Speech to Text conversion through microphone

vinith-reddy25 · January 12, 2022, 7:49am

The conversation integration allows us to converse with Home Assistant. We can either converse by pressing the microphone in the frontend (supported browsers only (no iOS)) or by calling the conversation/process service with the transcribed text. I understood “how to call the conversation/process service with the transcribed text”. My issue is how speech is converted into text by using microphone. Can somehow help how home assistant is converting speech to text? What api or code is used for that?

WallyR · January 12, 2022, 10:07am

I think it uses Stanford University’s Genie (Formerly known as Ada with Almond)

You might also look at Rhasspy

Shishir_Chauhan · January 12, 2022, 10:49am

Can someone please give more clarity to this?
I need to know exactly where this speech to text conversion is happening in HA?
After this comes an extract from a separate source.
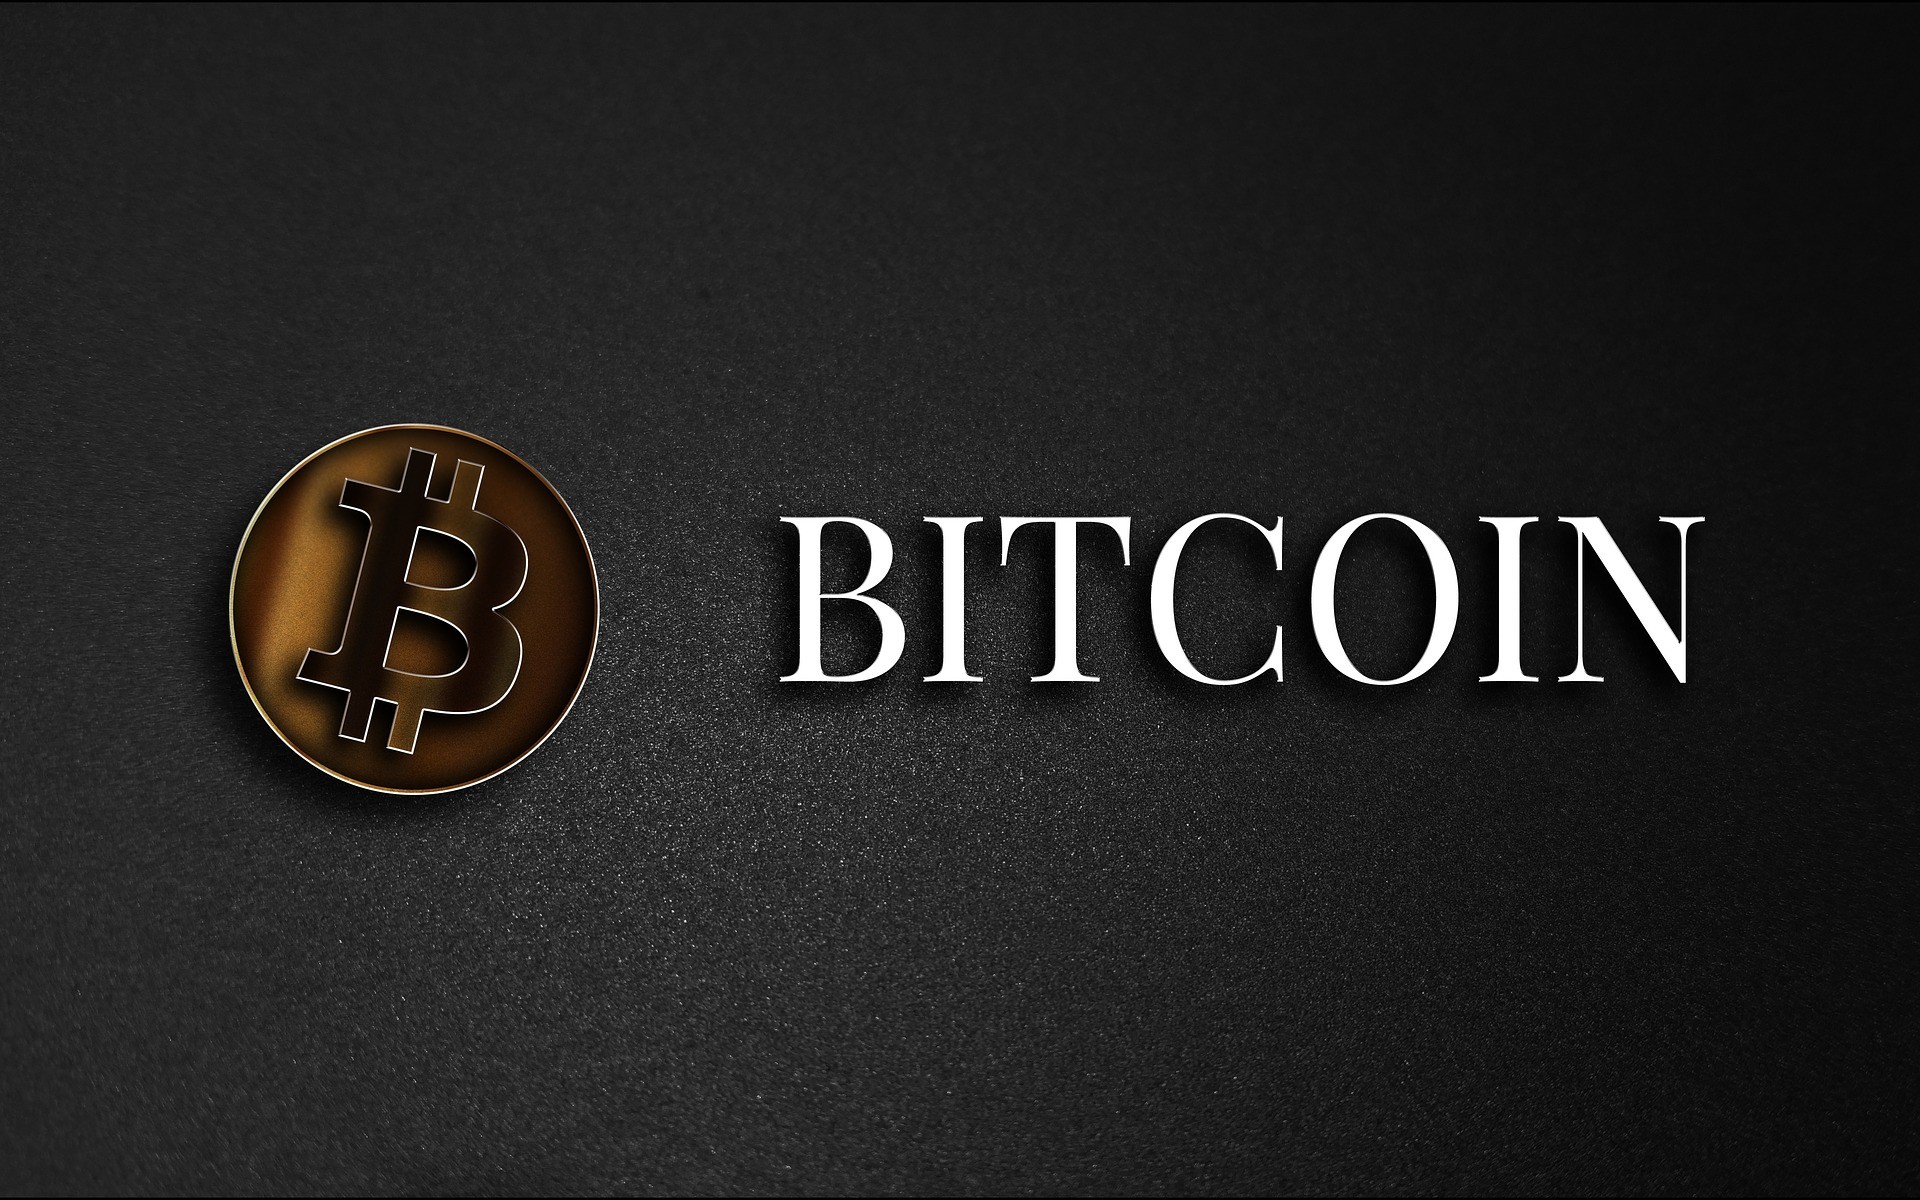 Major New York Real Estate Firm Announces To Accept Bitcoin Payments

WallyR · January 12, 2022, 11:34am

STT was introduced in HA 0.102.
Here is the release post: 0.102: Official Android App, Almond, Scene editor - Home Assistant

vinith-reddy25 · January 12, 2022, 12:27pm

But it is not using stt. I’m sure about it because I tried to print logs in stt component. But no logs came as it is not using stt component. May be it using browser api to convert. But not clearly about it. Can some clarify?

gcampax · January 13, 2022, 4:08pm

The conversation icon in the Home Assistant web UI uses the Web Speech API in the browser (Chrome only, backed by Google Cloud APIs).